Dar es Salaam. Saudi Arabia and the United States of America may be thousands of kilometres away from Tanzania, but domestic happenings in the two countries could have a direct impact on the economy of the East African nation.

Recently, various international media outlets were awash with the information suggesting that the 50-year-old petrodollar agreement between Saudi Arabia and the US has not been renewed.

The matter has sparked heated debate across the world, with some respected American experts pointing out that there never was an agreement to that effect.

Whether it existed or not, the fact is that at a time when shortage of the dollar was making life difficult in Tanzania, oil importers are of the view that an end to the petrodollar agreement could potentially result in a decrease in global dollar demand and subsequent reduction in fuel prices.

"Saudi Arabia is one of the top three oil producers globally, alongside Russia and the US. If they choose to sell oil in another currency, it will still be beneficial for us because fuel prices will drop as the dollar's value decreases,” said Tanzania Association of Oil Marketing Companies (Taomac) executive director Raphael Mgaya.

Tanzania normally imports fuel on a monthly basis averaging $250 million through competitive tender from various countries.

"The fuel is imported through refineries from Middle East Countries including Saudi Arabia, Singapore and India which have crude oil," Mr Mgaya said.

According to him, most local importers purchase from Middle East Countries and Singapore because they are closer to Tanzania than Venezuela whose cost of transportation is high.

However, he noted that they don't have the exact figure for Saudi Arabia because every tender at state country of origin is different.

The dollar availability challenge has persisted to the extent that importers, especially those of petroleum products, were increasingly adopting the euro.

However, the adoption is not without a cost as the euro remains an expensive option and with the dollar remaining the preferred vehicle currency, the international conversion rate still recognises it (the dollar).

Traders say they started adopting the euro after realising that it has been stable for a long time and that it is widely accepted.

Available data show that forex required for products to be sold in June, 2024 includes $86.7 million and 43.8 million euros from the official market, excluding dollars from the black market.

 “More than a third of the petroleum products imported in June were imported using the euro.
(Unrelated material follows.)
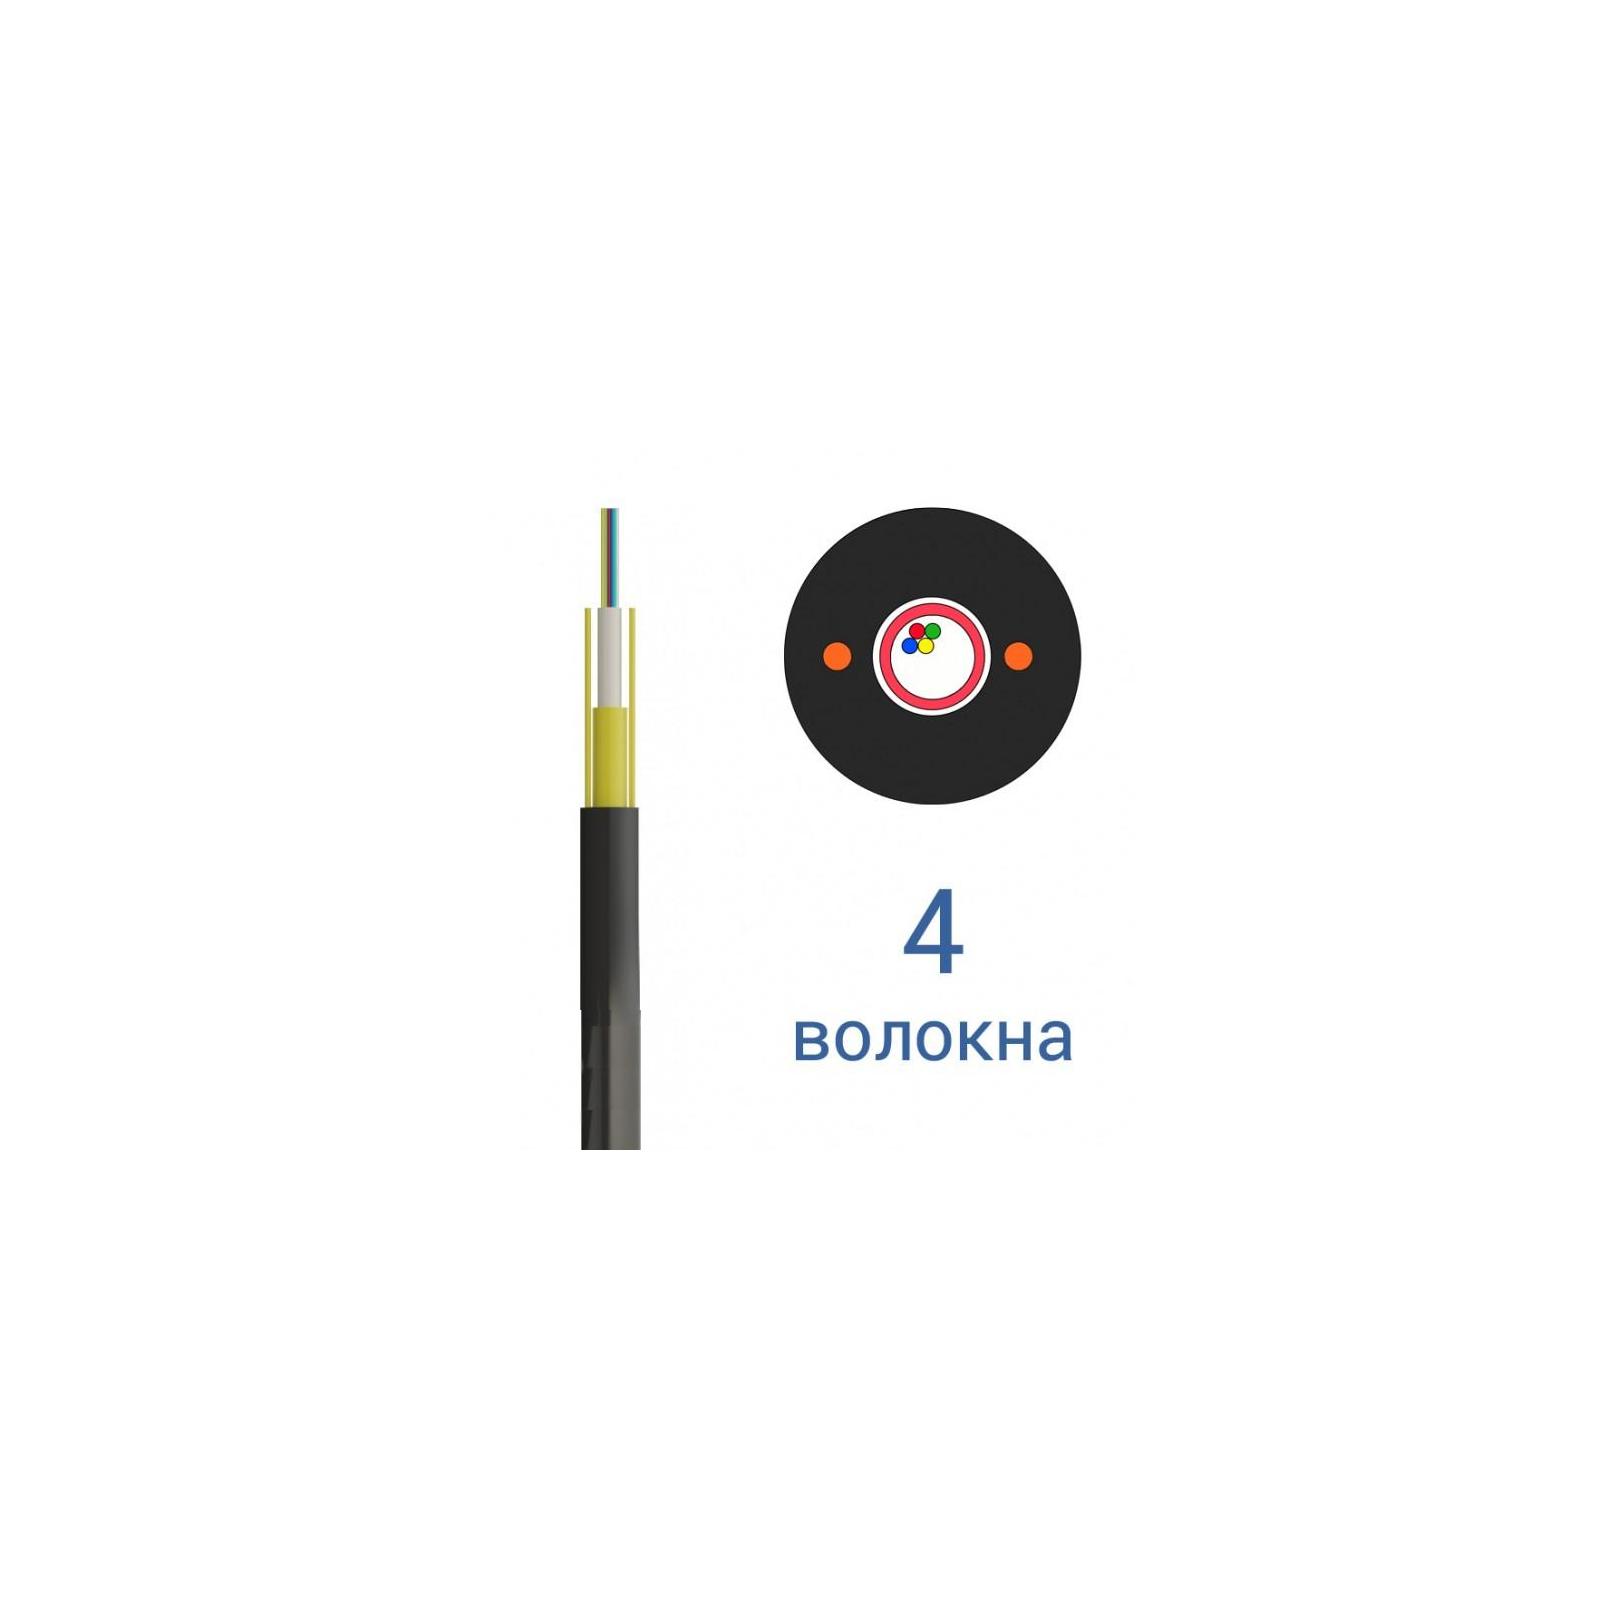 Кабель Одескабель ОКТ-Д(1,0)П-4Е1-0,36Ф3,5/0,22Н18-4, 4 волокна, 1м (ОКТ-Д(1,0)П-4Е1)

This is also partly affecting fuel prices in the country,” Mr Mgaya said recently.

The Energy and Water Utilities Regulatory Authority (Ewura) said earlier this month that though global prices of petroleum products were going down, the impact in the local market was minimal due to the continuous use of the euro.

“Moreover, the changes in petroleum prices are attributed to the change in the exchange rate and a continuous use of the euro for the payment of imported petroleum products,” Ewura director general James Mwainyekule, said while announcing the cap prices for petroleum prices in Tanzania earlier this month.

The Bank of Tanzania (BoT) says that while the business community is slowly turning to the euro and other currencies, it remains expensive because the dollar is still recognized by the international conversion rate.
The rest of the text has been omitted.